Return every line below as is, leaving out the pictures.

[INFORMATION SHOWN]
+--

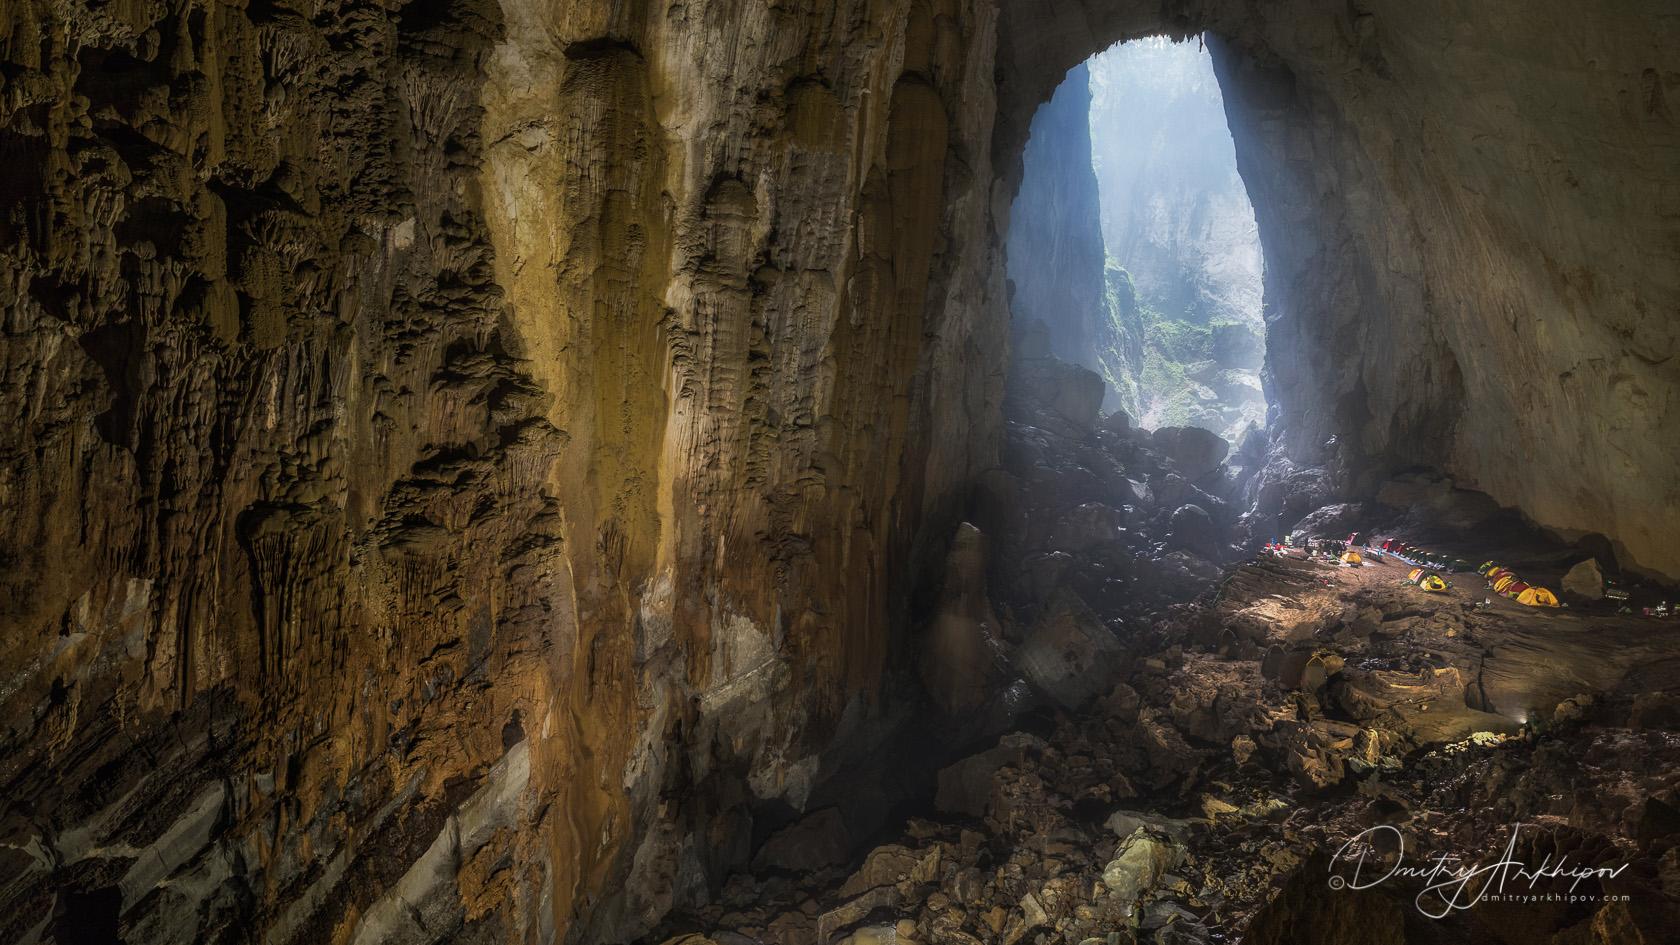 Sond Doong cave in Vietnam
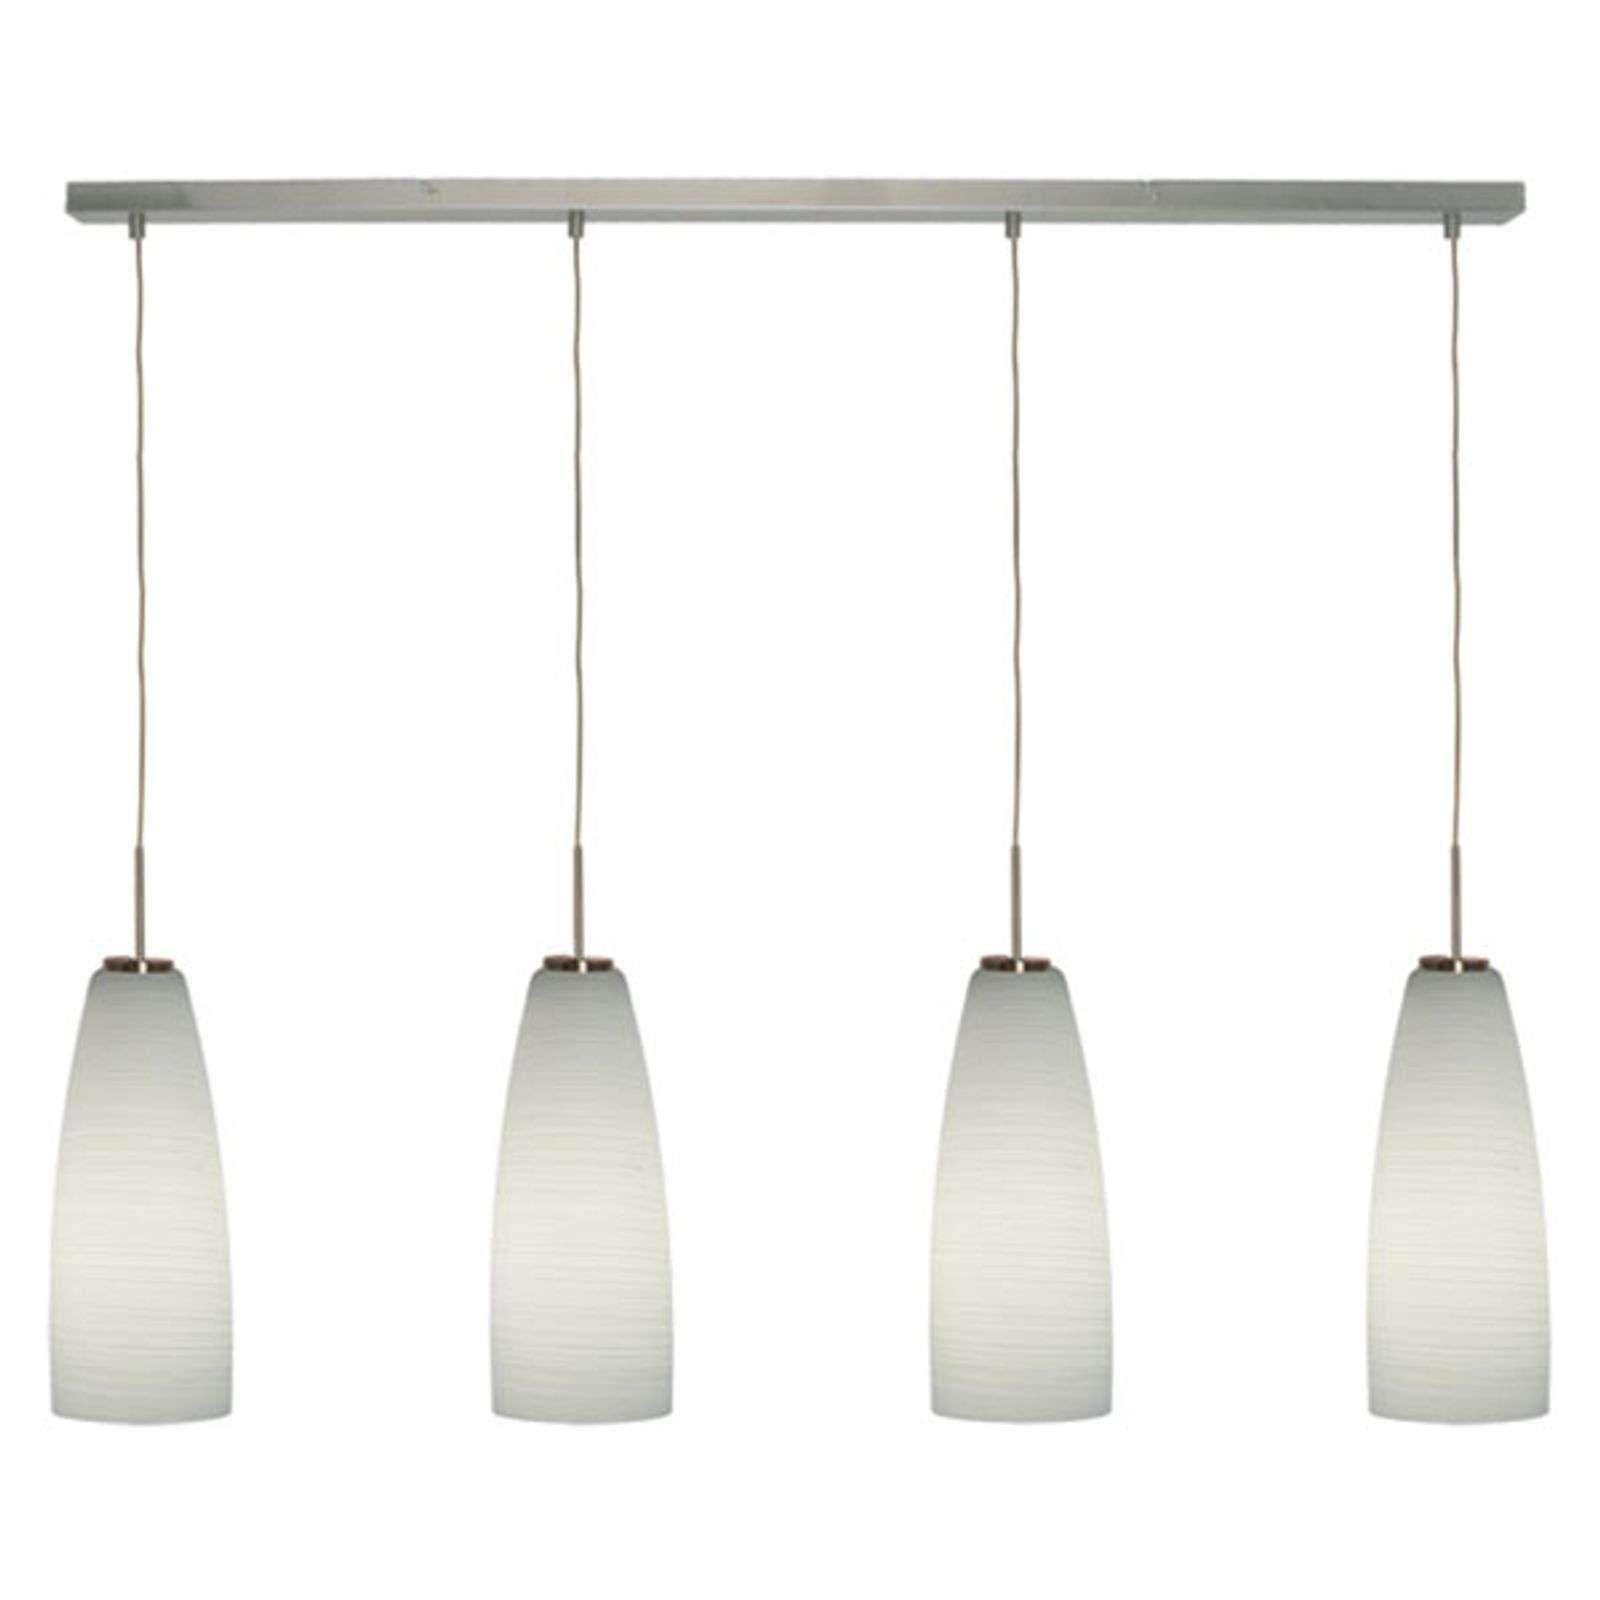 Led Einbauleuchten Dimmbar Paulmann Hängeleuchte Silber Kugel Hängeleuchten Led Höhenverstell Pendelleuchte Esstisch Dekorative Lampen Esstisch Beleuchtung
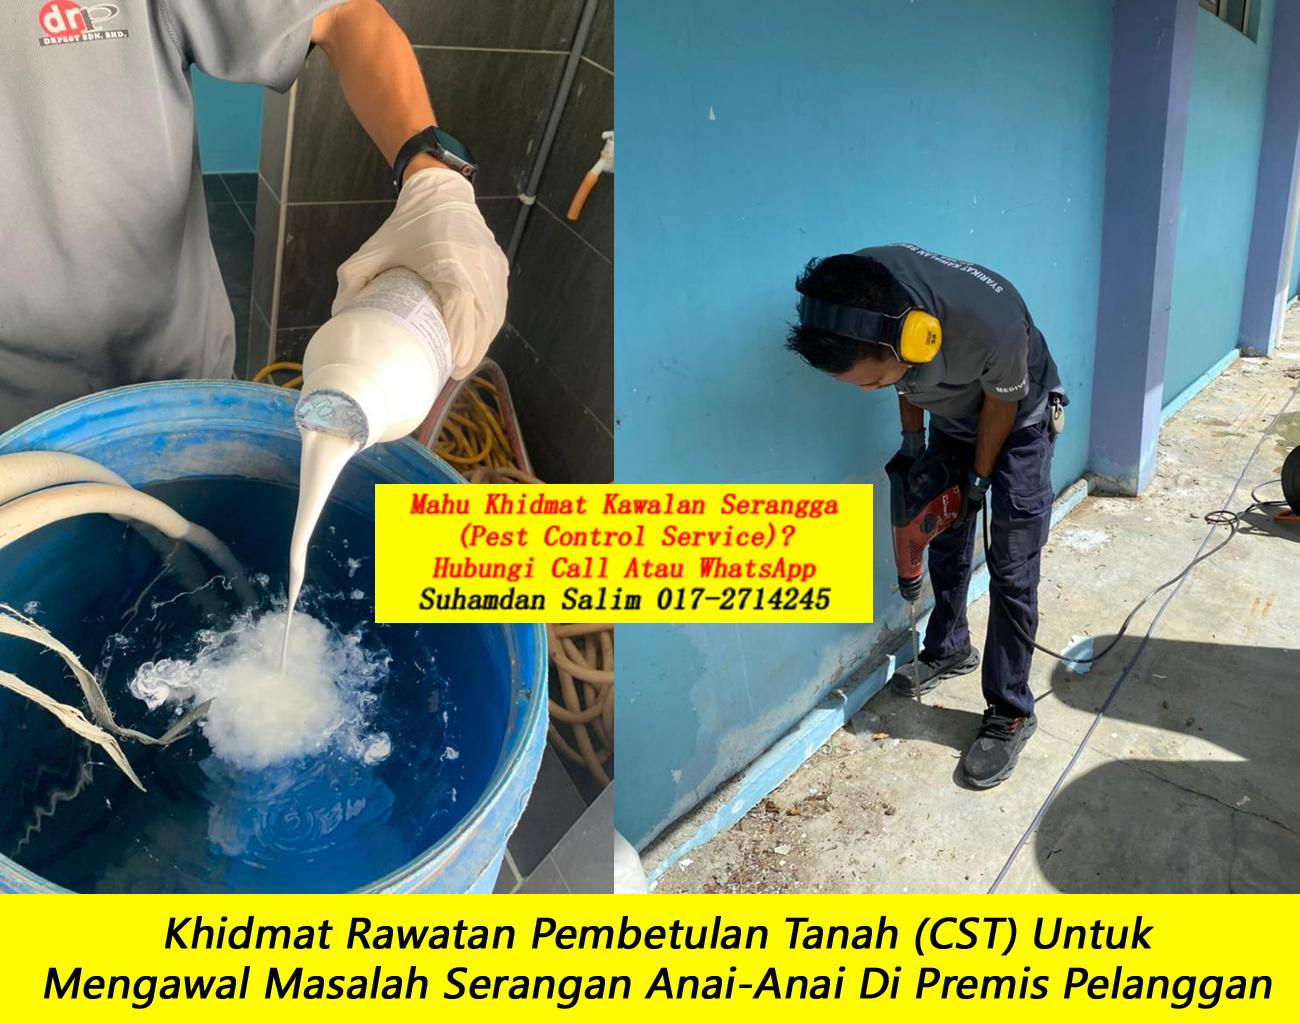 khidmat rawatan dan pencegahan masalah anai anai di KLCC Kuala Lumpur City Centre kl oleh syarikat kawalan serangga company pest control kawalan anai anai yang berkesan terbaik di felda
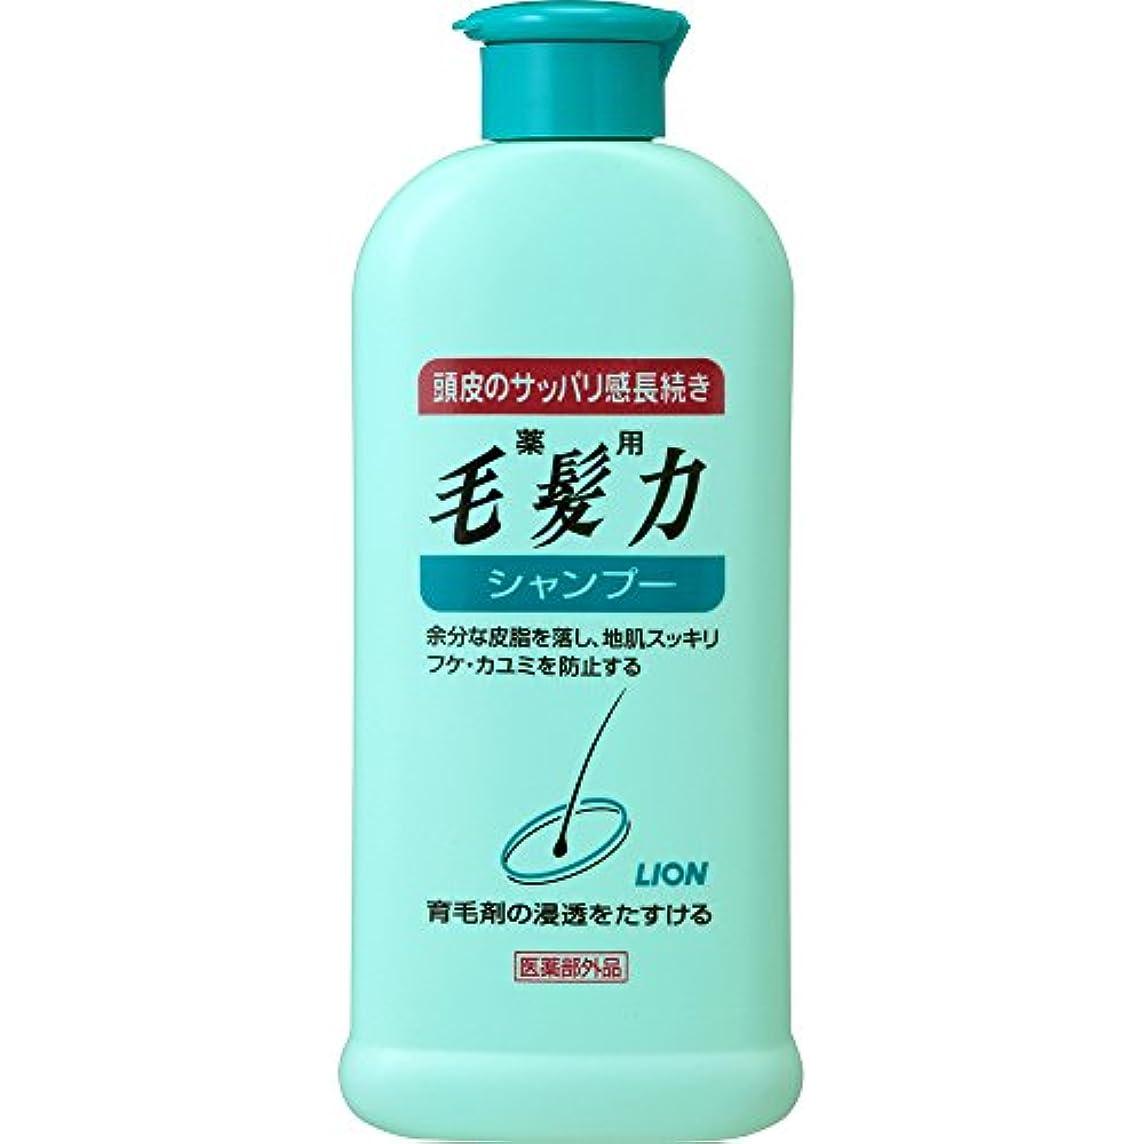 カウンタ任命する証書薬用毛髪力 シャンプー 200ml(医薬部外品)

+--

[RESPONSE TO THIS EXERCISE]
 Sond Doong cave in Vietnam
 Led Einbauleuchten Dimmbar Paulmann Hängeleuchte Silber Kugel Hängeleuchten Led Höhenverstell Pendelleuchte Esstisch Dekorative Lampen Esstisch Beleuchtung
 khidmat rawatan dan pencegahan masalah anai anai di KLCC Kuala Lumpur City Centre kl oleh syarikat kawalan serangga company pest control kawalan anai anai yang berkesan terbaik di felda
 カウンタ任命する証書薬用毛髪力 シャンプー 200ml(医薬部外品)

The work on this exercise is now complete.